START STUDY MATERIAL

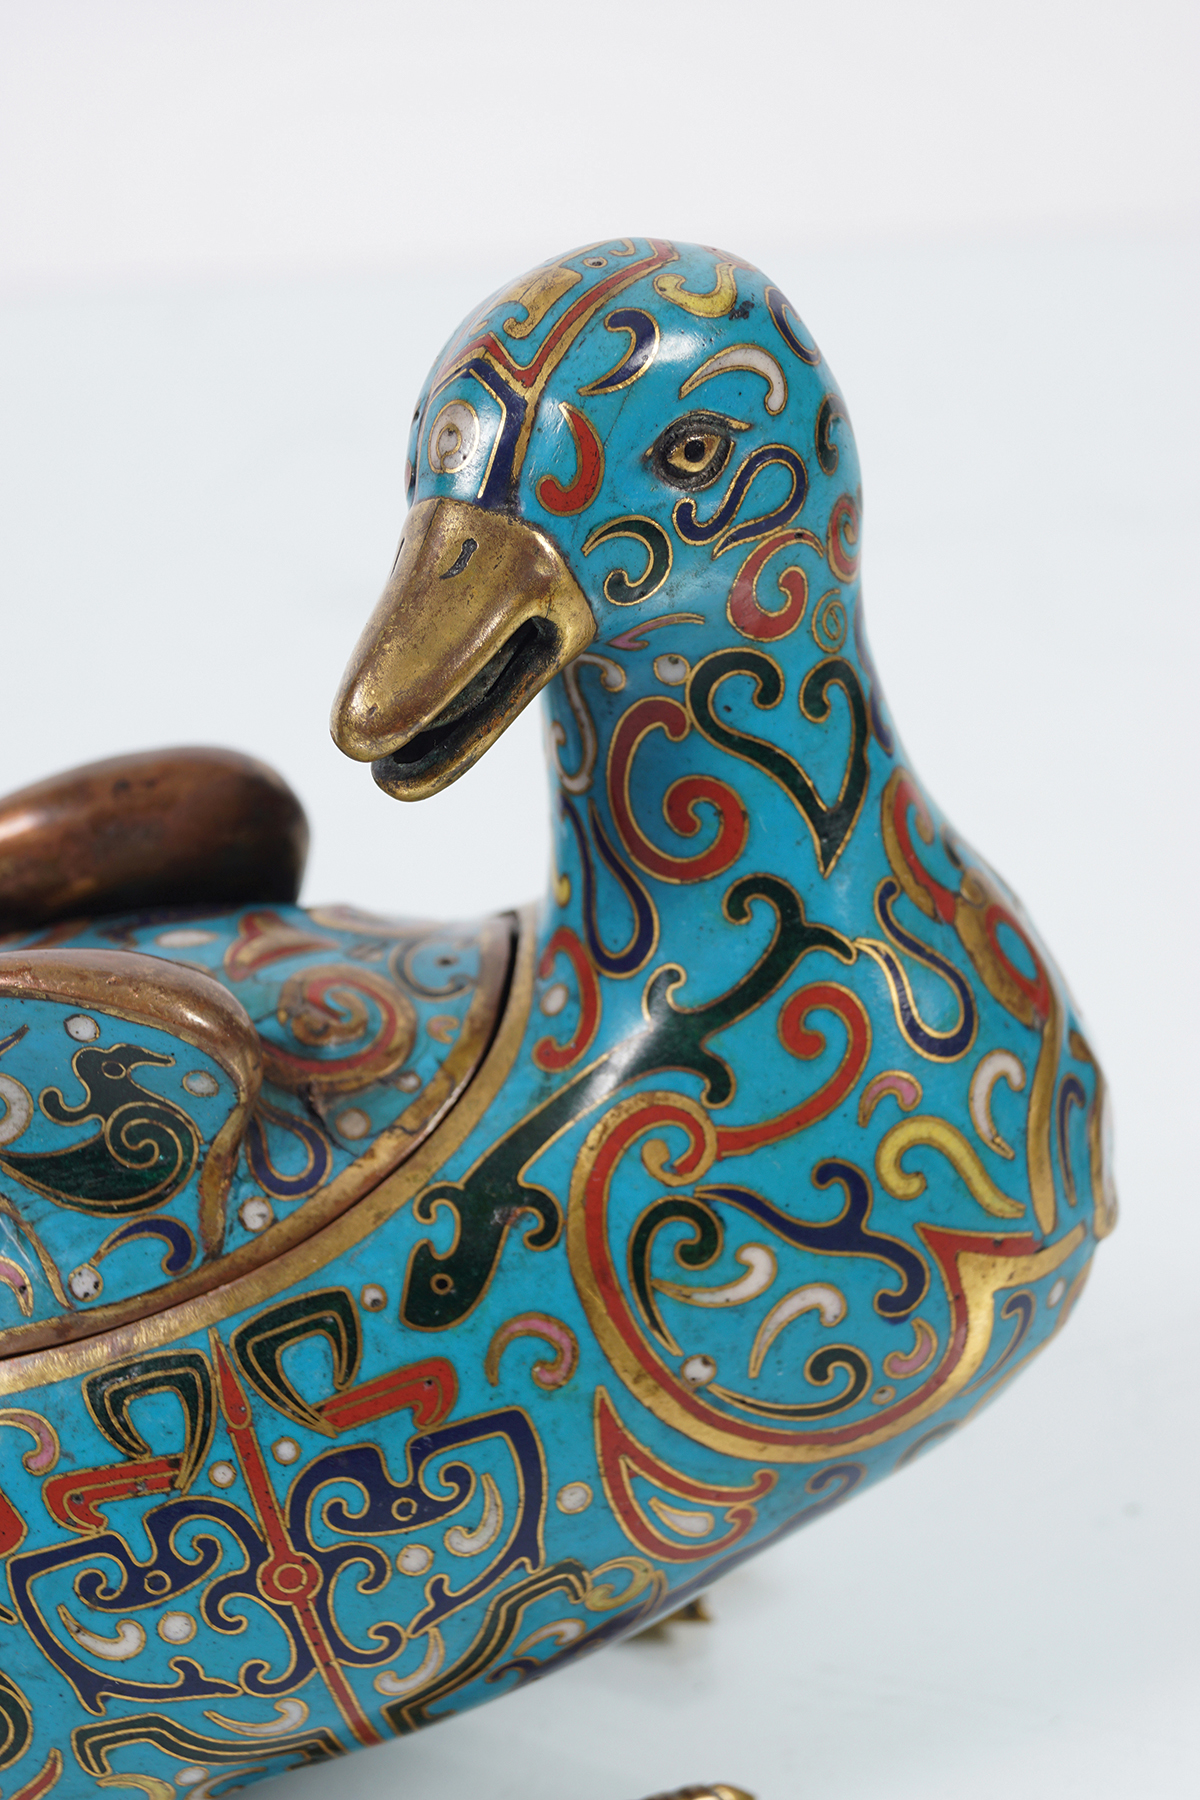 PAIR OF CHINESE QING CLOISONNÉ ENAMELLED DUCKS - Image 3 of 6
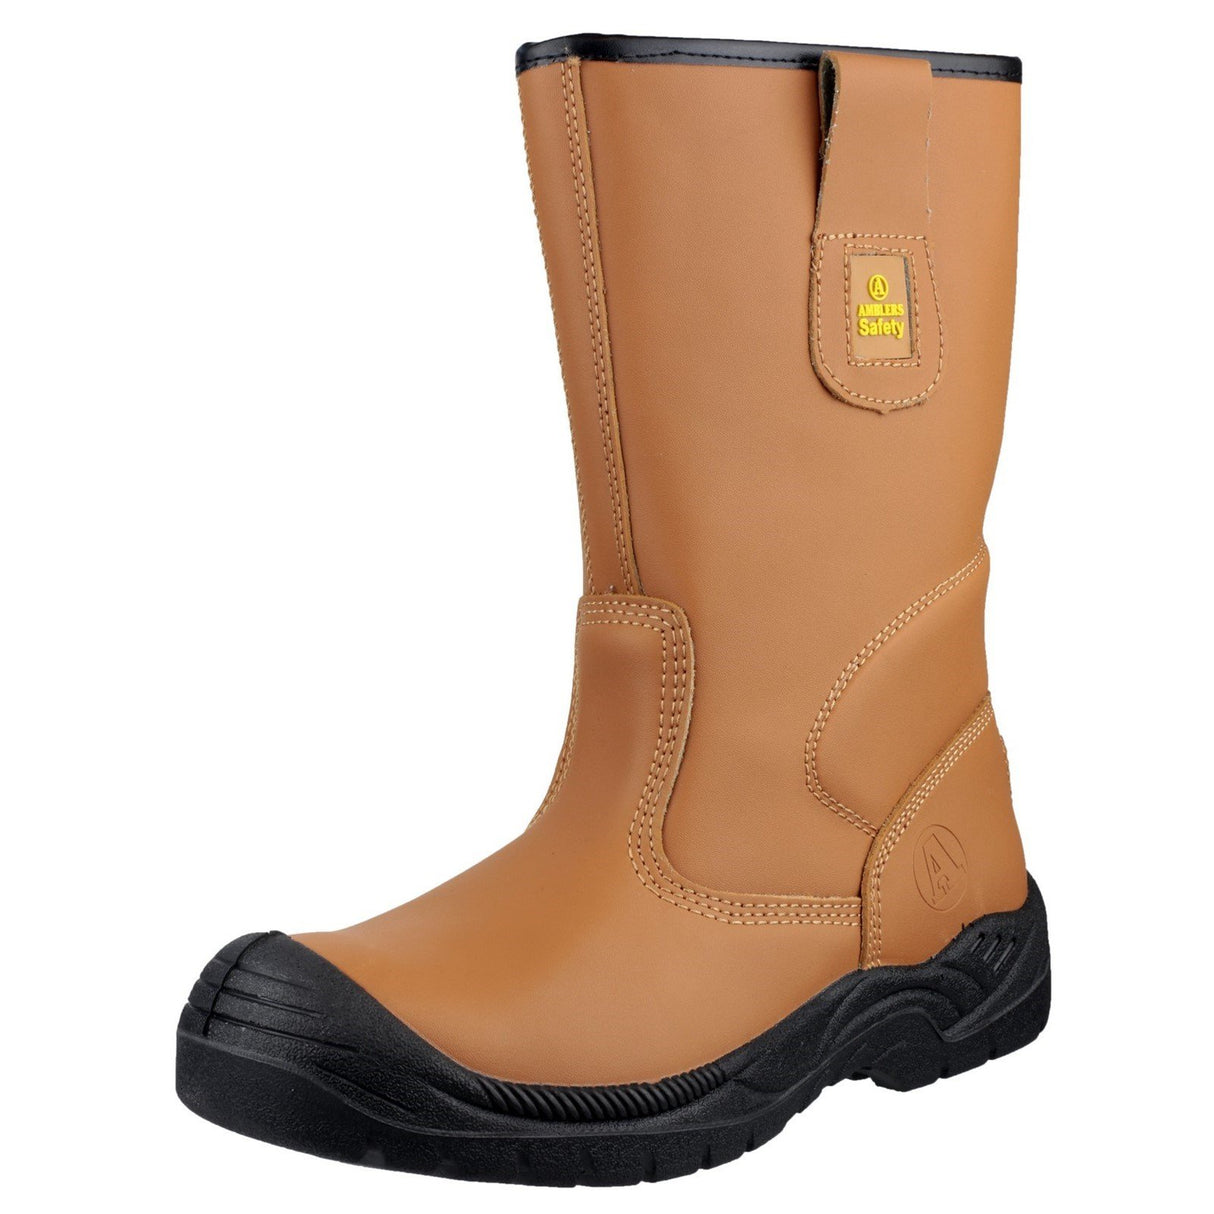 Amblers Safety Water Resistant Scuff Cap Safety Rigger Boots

END STUDY MATERIAL
START STUDY MATERIAL

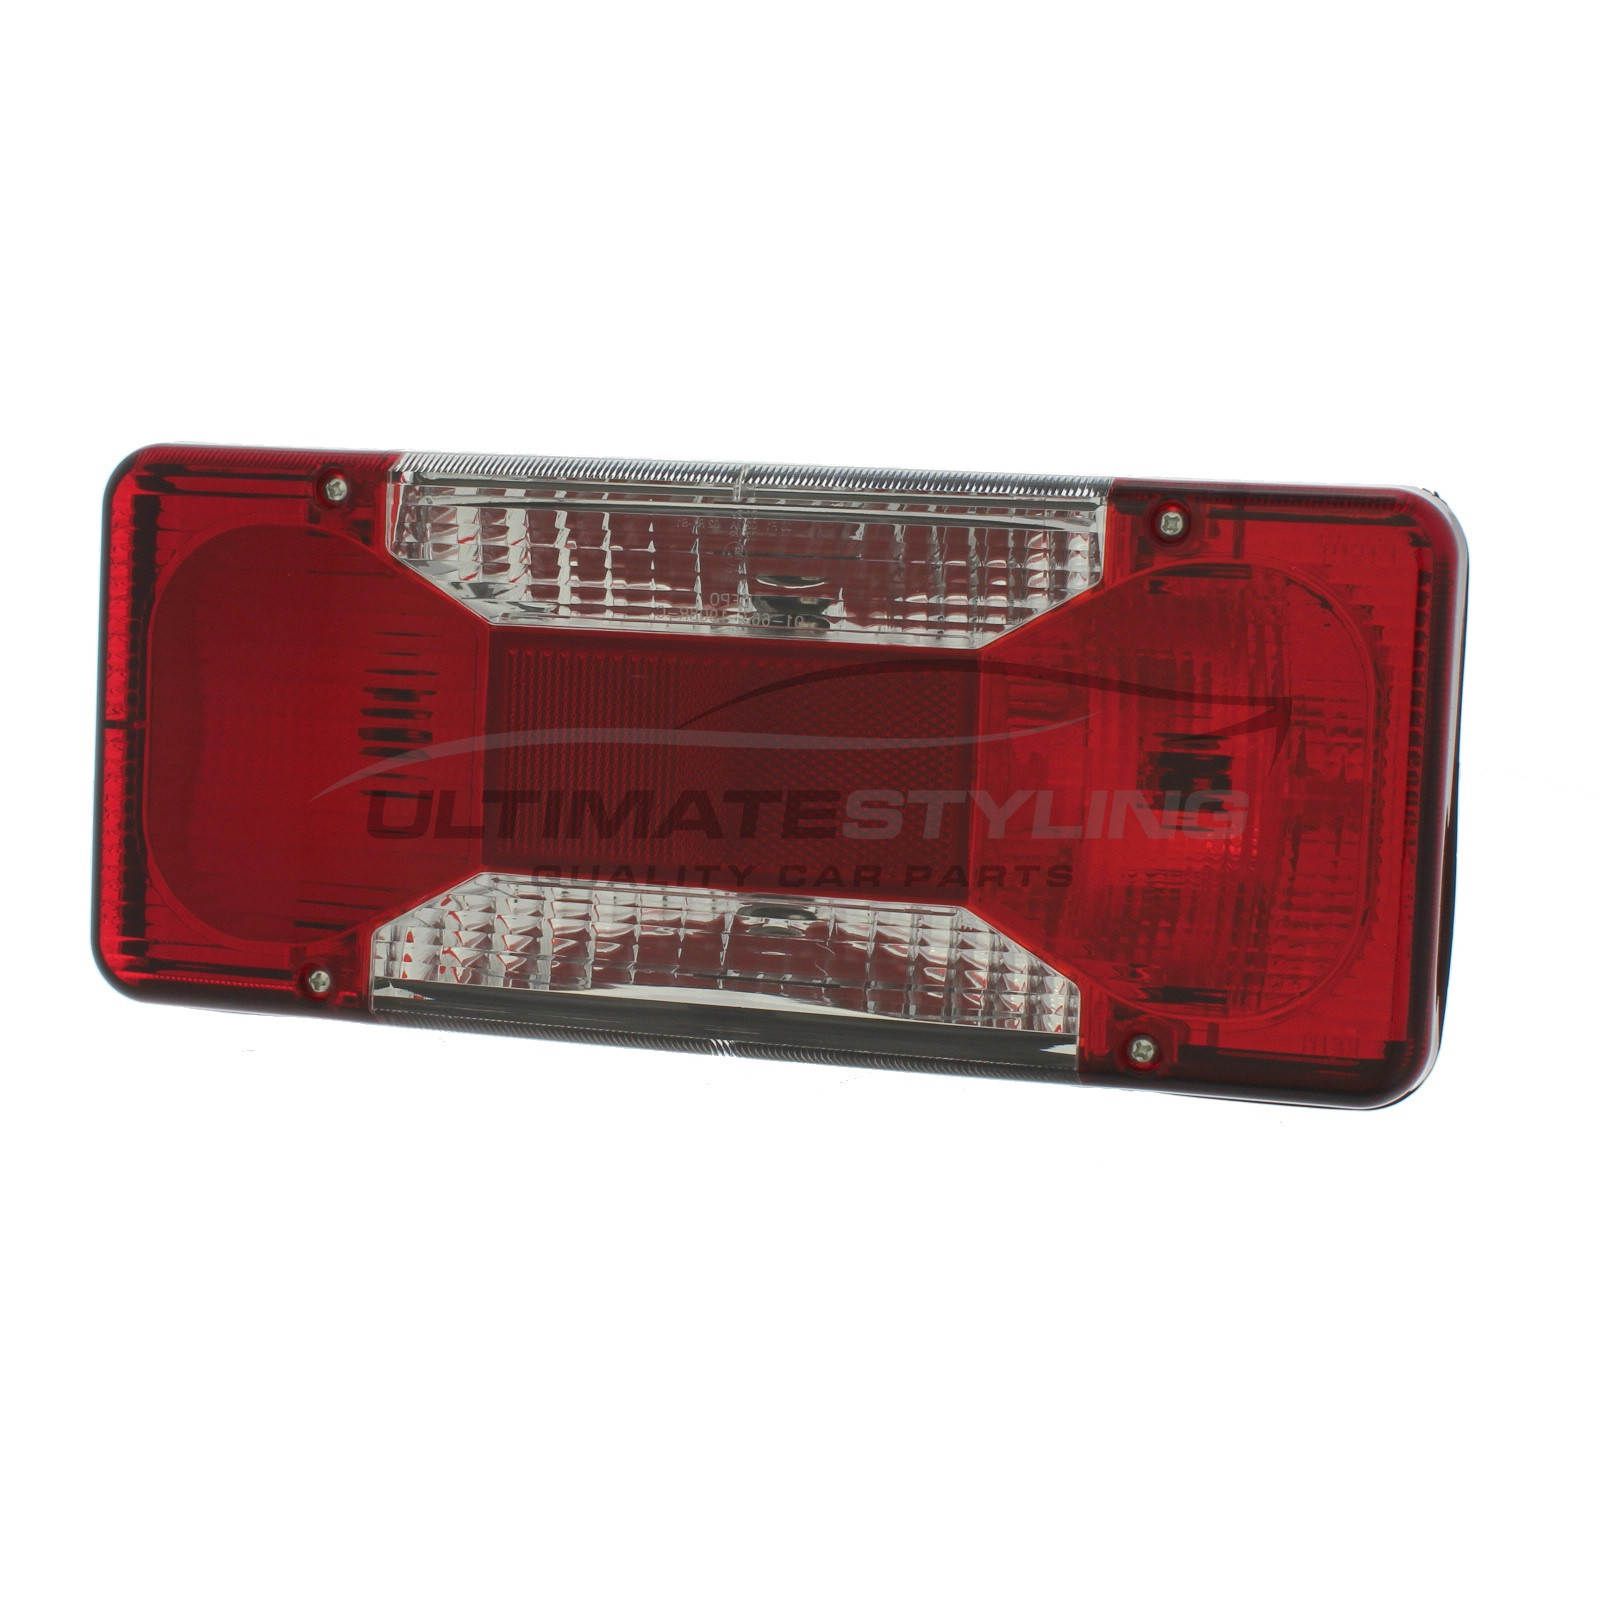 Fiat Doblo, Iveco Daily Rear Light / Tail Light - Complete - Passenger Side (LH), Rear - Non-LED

END STUDY MATERIAL
START STUDY MATERIAL

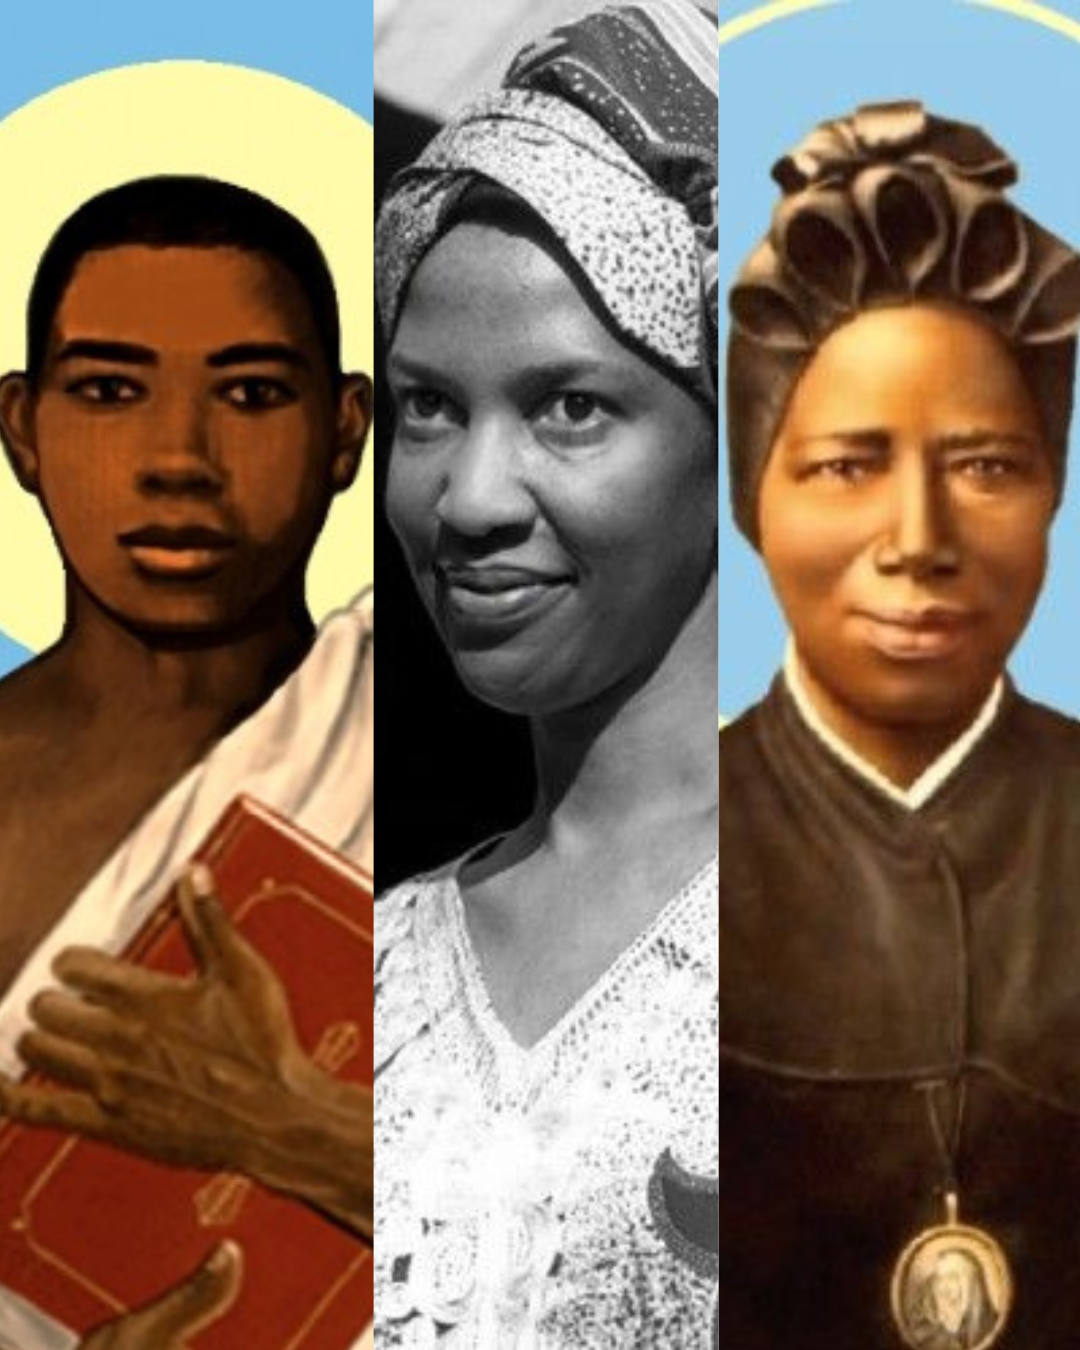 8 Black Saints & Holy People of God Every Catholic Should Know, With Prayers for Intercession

END STUDY MATERIAL

[TASK DIRECTIONS] Output exactly the lines of the listing above that start with the one holding "PAIR OF CHINESE" and go on through the one holding "Amblers Safety Water"; leave the pictures out.

[WRITTEN RESPONSE]
 PAIR OF CHINESE QING CLOISONNÉ ENAMELLED DUCKS - Image 3 of 6
 Amblers Safety Water Resistant Scuff Cap Safety Rigger Boots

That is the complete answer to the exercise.